**Task to carry out:**
From the listing below, give again exactly the lines from the line with "Radiocasetofon Sanyo vechi" to the line with "Sanyo Elect", ends included, without any pictures.

**Given records:**

········

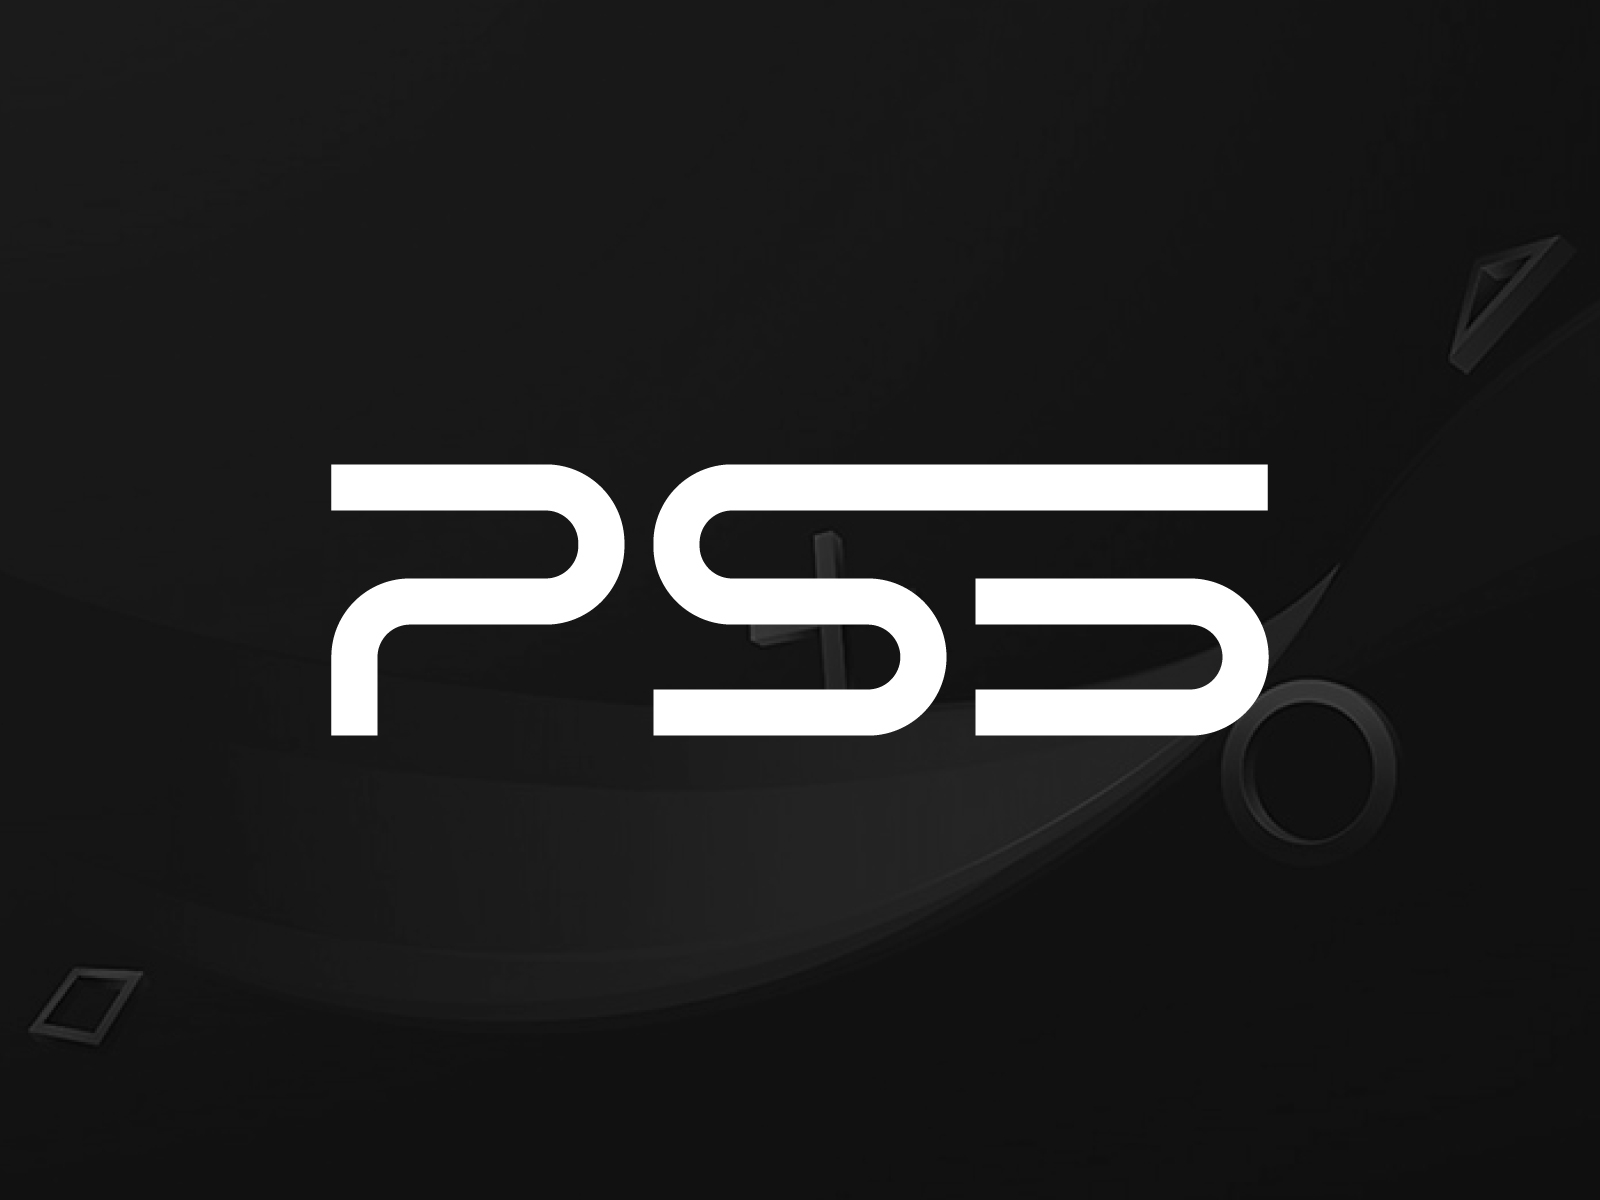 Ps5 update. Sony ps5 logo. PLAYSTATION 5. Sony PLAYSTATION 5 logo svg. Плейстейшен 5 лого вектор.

········

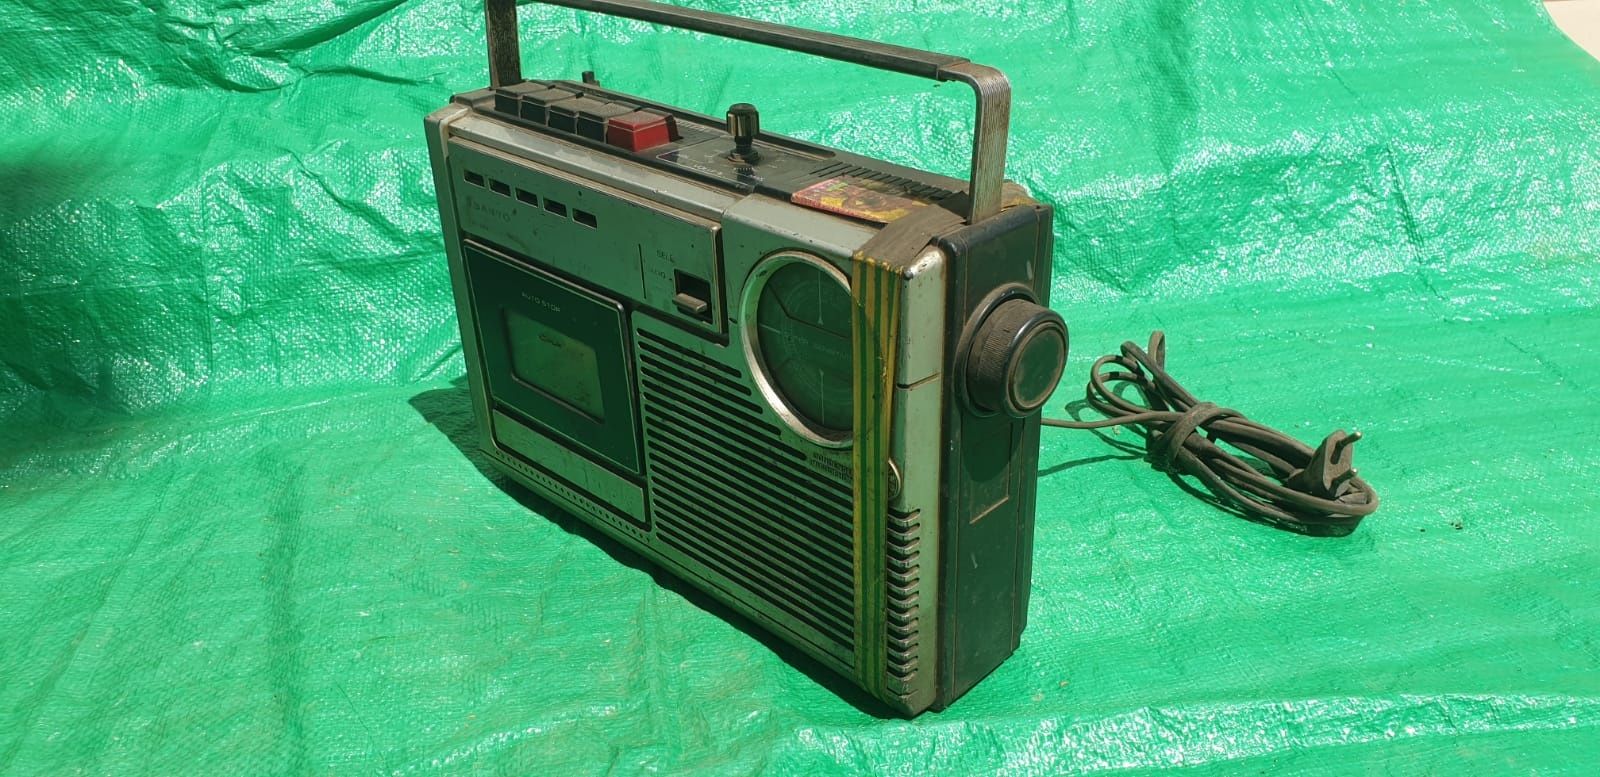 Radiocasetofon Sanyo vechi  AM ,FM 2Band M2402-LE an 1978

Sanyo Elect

········

**Solved problem:**
 Radiocasetofon Sanyo vechi  AM ,FM 2Band M2402-LE an 1978

Sanyo Elect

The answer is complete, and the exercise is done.